I think the amount of public property in Grants Pass which is not streets and sidewalks is limited. The people who live there are going to be very unhappy to fine a homeless encampment in their pretty parks.

Is “the woods” in your case inside city limits?

Yes. It’s perhaps 6 acres located inside the city, not in the center but not quite the outskirts. They’ve been caught more than once running extension cables to nearby homes for power. There is a “nicer” homeless encampment with less drugs and you’re less likely to be assaulted, but the encampment I’m talking about is mostly for the chronically homeless. People pull garbage out pretty much daily but the accumulation never slows.

Just looking at the satellite photos of Grants Pass, I’m not sure that they have an area within city limits that would work for that. Like I said, the couple parks don’t look like unkept woods.

However, that was my first thought when I read the story. “Just find a piece of land that’s not heavily used, provide some basic toilet facilities and adequate police presence, maybe require free registration so you at least have names.”

The article says “600 people experiencing homelessness”. I’ll guess that sleeping on a friend’s couch is “homeless” for that count. I don’t have any sense for how many are actually living outdoors.

I don’t think that an encampment “that is plagued with drugs and violence” is a solution to homelessness, either.

No, our encampment is definitely a local crisis. It’s just that there’s no perfect solution for it, and of the adequate solutions nobody wants to fund it.

Of course, the local Republicans want to bulldoze the entire area or generally let them die by not responding to fires, murders, etc. Definitely no Narcan or food or water.

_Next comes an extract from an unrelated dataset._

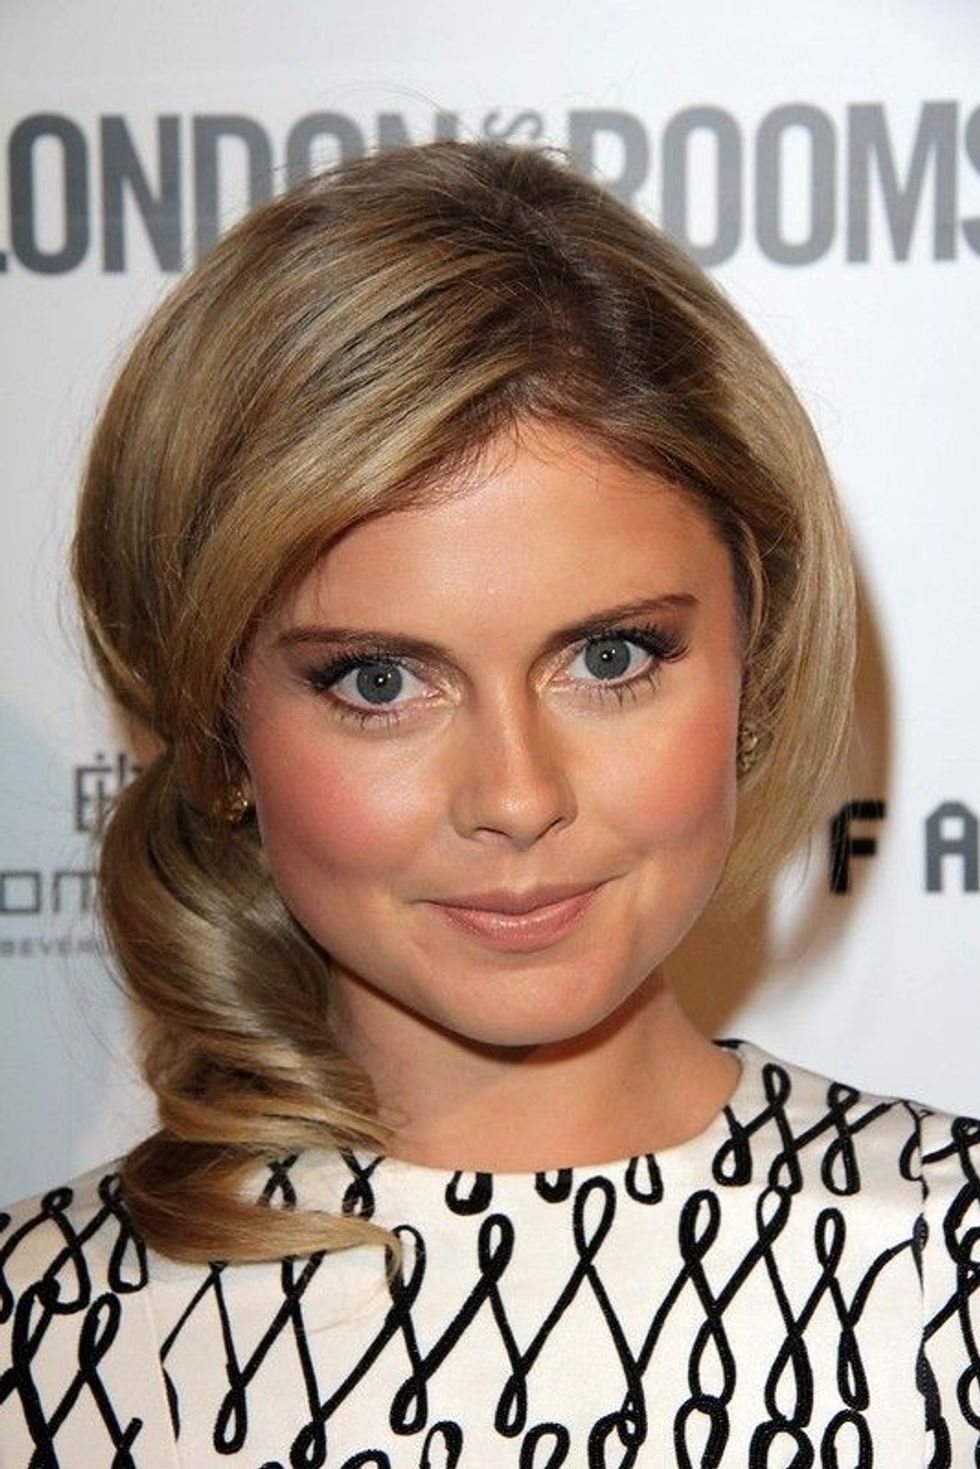 This article is about Rose McIver

Ultimately it feels like homelessness is a problem comparable to immigration. Localities can’t fix it. They can punish the homeless with fines and hope they leave, and for those who don’t but can’t pay the fines they will use taxpayer money to house and feed the homeless in prison. But all localities will do is push the problem elsewhere.

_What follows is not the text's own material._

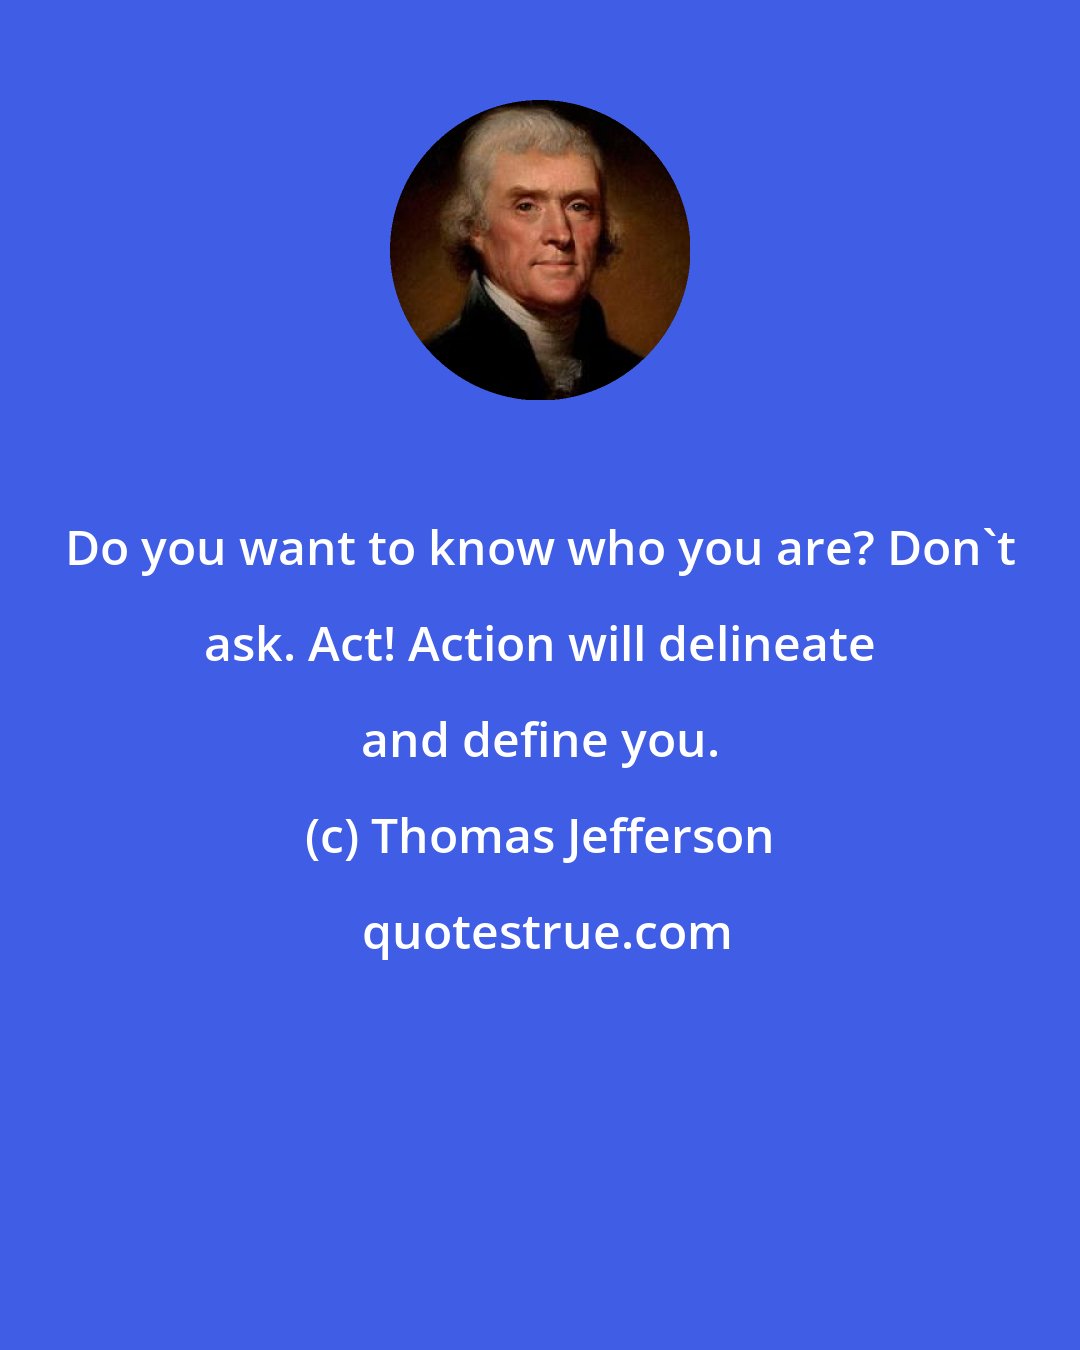 Thomas Jefferson: Do you want to know who you are? Don't ask. Act! Action will delineate and define you.

It’s understandable why a town would do something like this, and also is quite shitty of them. In their best-case scenario, the next town over now has a homelessness crisis.

The immigration one has a straightforward solution in that if you give everyone work permits it makes it easier for them to find jobs to support themselves which then reduces their reliance on social programs. That would have to be done at the federal level though.